Swasta Gemar Berutang ke Luar Negeri, Apa Alasannya?

Sektor swasta gemar berutang dalam mata uang asing (luar negeri) dibanding mengandalkan mata uang Rupiah.

oleh Liputan6.com diperbarui 24 Mar 2021, 15:00 WIB
Diterbitkan 24 Mar 2021, 15:00 WIB
Ilustrasi pendanaan, investasi, dolar
Ilustrasi pendanaan, investasi, dolar. Kredit: pasja1000 from Pixabay

Liputan6.com, Jakarta - Peneliti Center of Industry, Trade and Investment Institute for Development of Economics and Finance (INDEF) Dzulfian Syafrian mengatakan, sektor swasta gemar berutang dalam mata uang asing (luar negeri) dibanding mengandalkan mata uang Rupiah (dalam negeri). Hal ini salah satunya karena utang dalam mata uang asing lebih murah.

"Swasta lebih suka berutang dalam mata uang asing karena biasanya lebih murah.

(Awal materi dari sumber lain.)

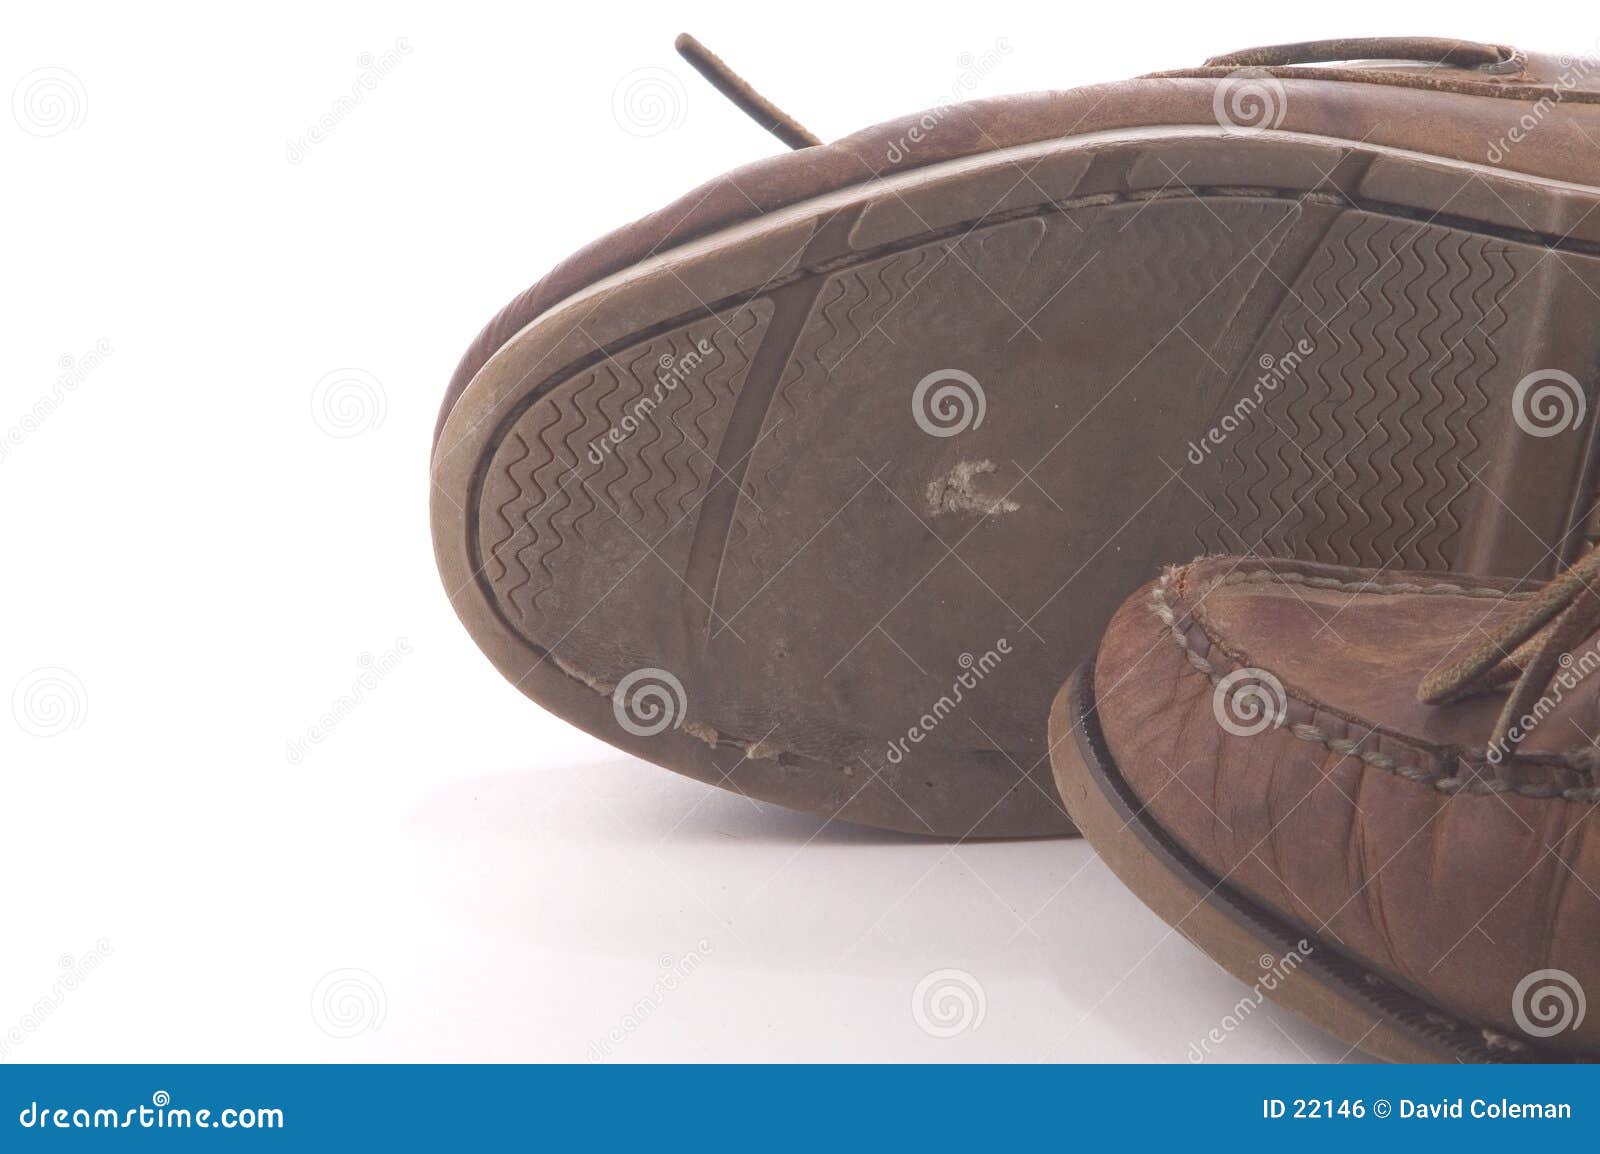 Worn Shoes stock photo. Image of shoes, tread, stitching - 22146

Lebih murah dari sisi pembayaran bunga utang," ujar Dzulfian dalam diskusi online, Jakarta, Rabu (24/3).

Dzulfian melanjutkan, ketergantungan utang terhadap mata uang asing juga disebabkan oleh ketersediaan uang yang lebih besar dibandingkan di dalam negeri. "Lebih banyak tersedia likuiditasnya," jelasnya.

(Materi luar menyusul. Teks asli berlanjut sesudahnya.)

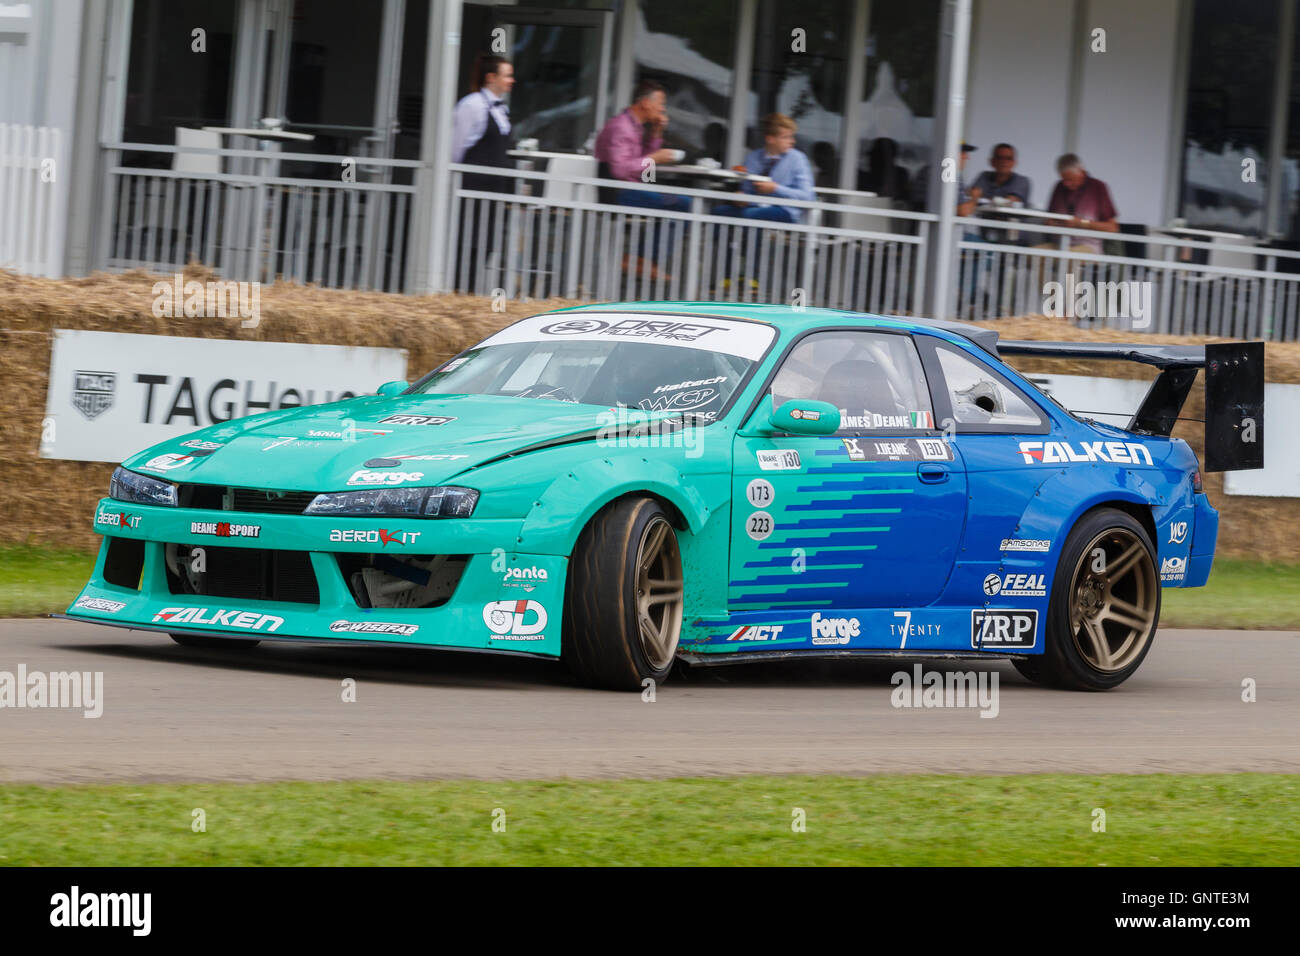 1993 Nissan 200SX S14 'Drift' car with driver James Deane at the 2016 Goodwood Festival Of Speed, Sussex, UK Stock Photo

Namun demikian, penggunaan utang luar negeri lebih memiliki resiko yang lebih besar dibandingkan di dalam negeri. Sebab, rata-rata utang luar negeri tergolong jangka panjang.

"Utang swasta lebih parah lagi, ini mereka memilih jangka panjang. Ini harus diperhatikan karena kalau salah kelola akan menimbulkan masalah besar," jelas Dzulfian.

 

Reporter: Anggun P. Situmorang

Sumber: Merdeka.com

Saksikan Video Pilihan di Bawah Ini:

Membengkak, Utang Pemerintah Capai Rp 6.361 Triliun di Akhir Februari 2021

Ilustrasi dolar AS
Nilai tukar rupiah terhadap dolar Amerika Serikat (AS) terus menguat, Jakarta, Kamis (23/10/2014) (Liputan6.com/Johan Tallo)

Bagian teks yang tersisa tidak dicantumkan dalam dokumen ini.